An individual’s financial situation is a key contributor to their overall well-being. Existing research has examined the direct economic consequences of changes in health upon out-of-pocket healthcare expenditure, participation in the labour force and potential earnings. There is also research exploring an individual’s concern about their subjective financial situation regardless of the level of their income or work status on their health. In contrast, this paper conducts a causal analysis of the effects of general and mental health on an individual’s subjective evaluation of their financial situation controlling for their work status and income. This is of importance because current health policy in the United Kingdom (UK) stresses the role of health as an asset which can mediate the wider flourishing of individuals. Moreover, subjective financial situation comprises a key component of well-being now being measured and sought in social welfare policy.

Methods

Fixed effects instrumental variable panel data regression analysis is applied to 25 years of longitudinal data, from 1991, drawn from the harmonised British Household Panel Survey (BHPS) and Understanding Society Survey (USS).

Results

Improved general health and reduced mental illness both improve the subjective financial situation of males and females. However, these affects diminish across older cohorts of males and females.

Conclusions

Investing in and improving general and mental health can improve the subjective financial situation and hence well-being of individuals. The targeting of health also needs to take account of an individuals’ life-stage.

Background

There is extensive evidence on the socio-determinants of health (SDH) [1]. It is argued that the SDH produce health disparities because, depending on the context, a lack of social and economic resources can reduce access to health care, only permit access to lower quality health care, or encourage engagement in more harmful lifestyles [2, 3].

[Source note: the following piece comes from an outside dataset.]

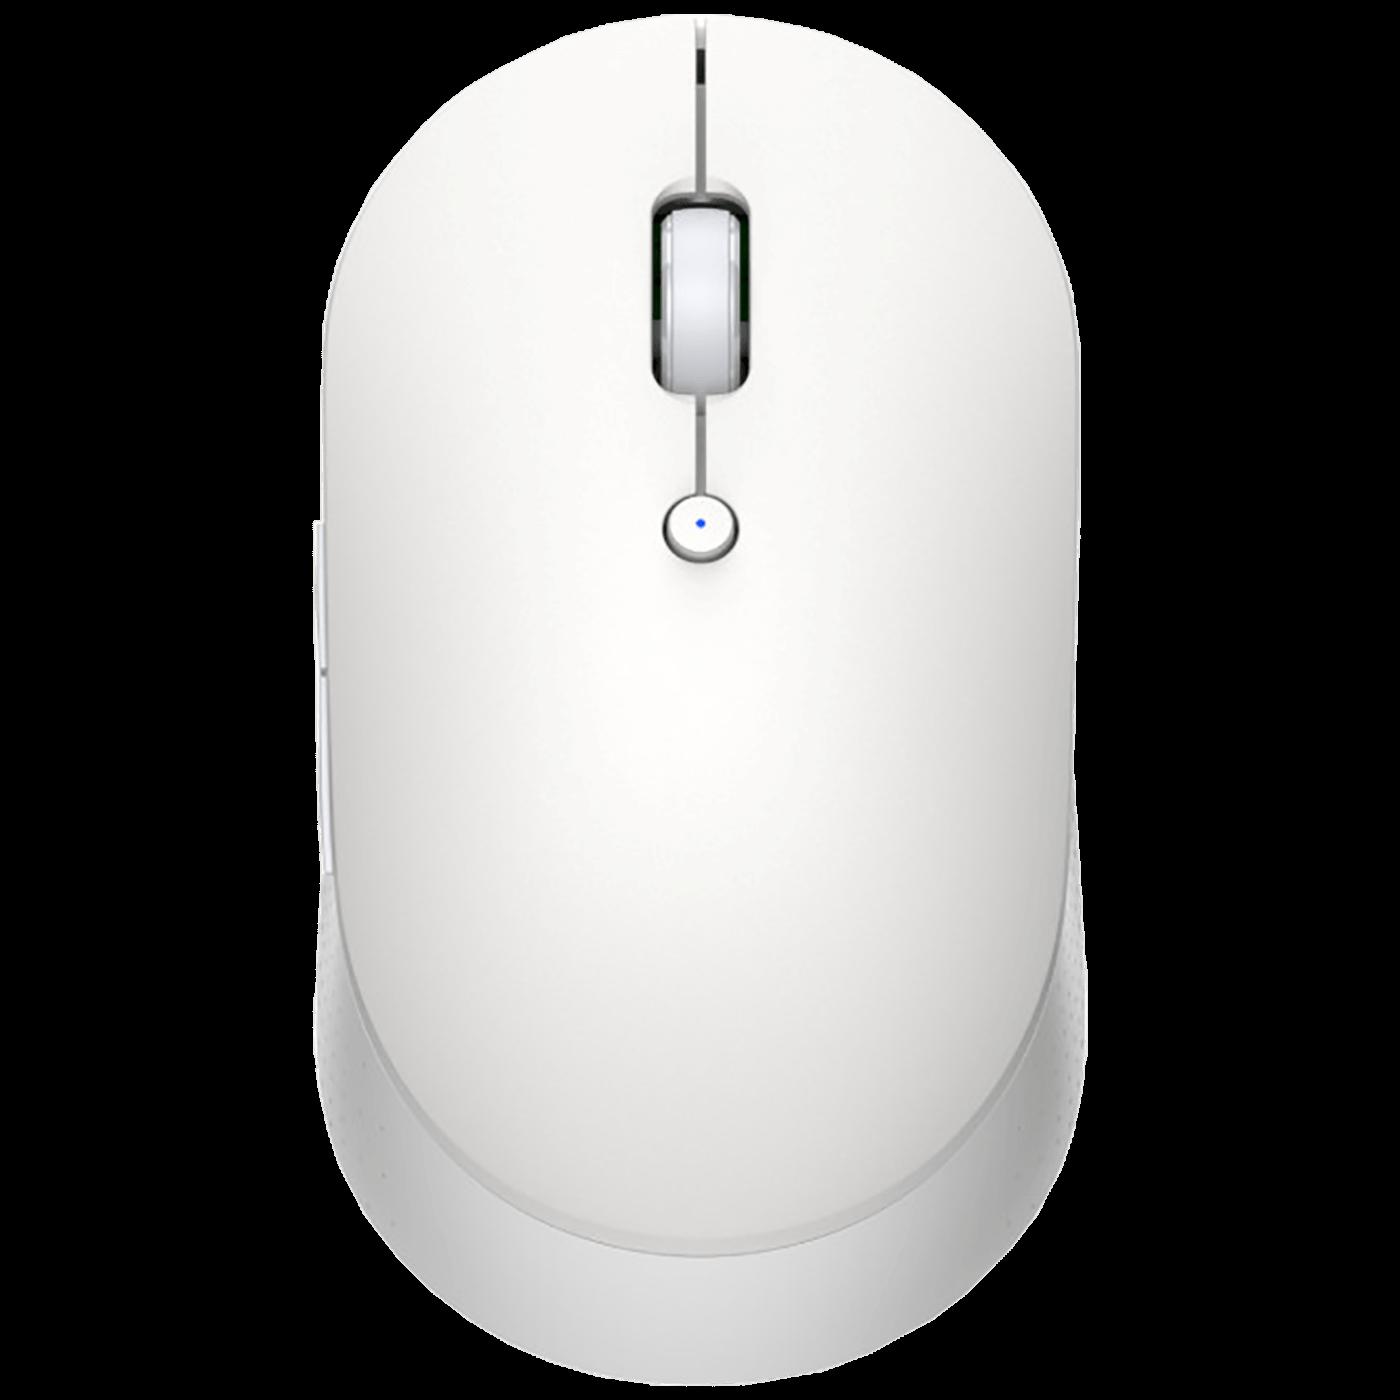 Miš bežični, Dual Bluetooth / 2.4 GHz, laser, 1300 dpi

The association between access to health and objective economic inequality has been investigated broadly through a focus on three issues: access to out-of-pocket healthcare expenses; restricted participation in the labour market; and, reduced potential for earnings. The relative importance of these relationships, however, is country-specific, depending on the healthcare system.

In the United States (US) and Australia individuals with health conditions face out-of-pocket healthcare expenditure. The expenses are found to be associated with an increase in the total number of chronic conditions of individuals [4,5,6,7], but also specific conditions such as chronic obstructive pulmonary disease in Australia [8], cancer in the US [9], high blood pressure, diabetes or depression in Australia [6]. Moreover, poor health is also associated with other costs of illness, such as transportation and configuration of home care environments, in the US [2].

Depression or mood affective disorders, diseases of the respiratory system, diseases of the circulatory system (other than hypertension), heart diseases, and mental and behavioural disorders are also found to be associated with being out of the labour force in Australia [10, 11]. Back problems and arthritis are associated with early retirement in Australia [11]. Being out of the labour force is associated with musculoskeletal conditions in the US [12], multiple sclerosis in Sweden [13] and bipolar disorder in the US [14]. An association between undergoing active cancer care and less likelihood of being employed full-time is also found in the US [15].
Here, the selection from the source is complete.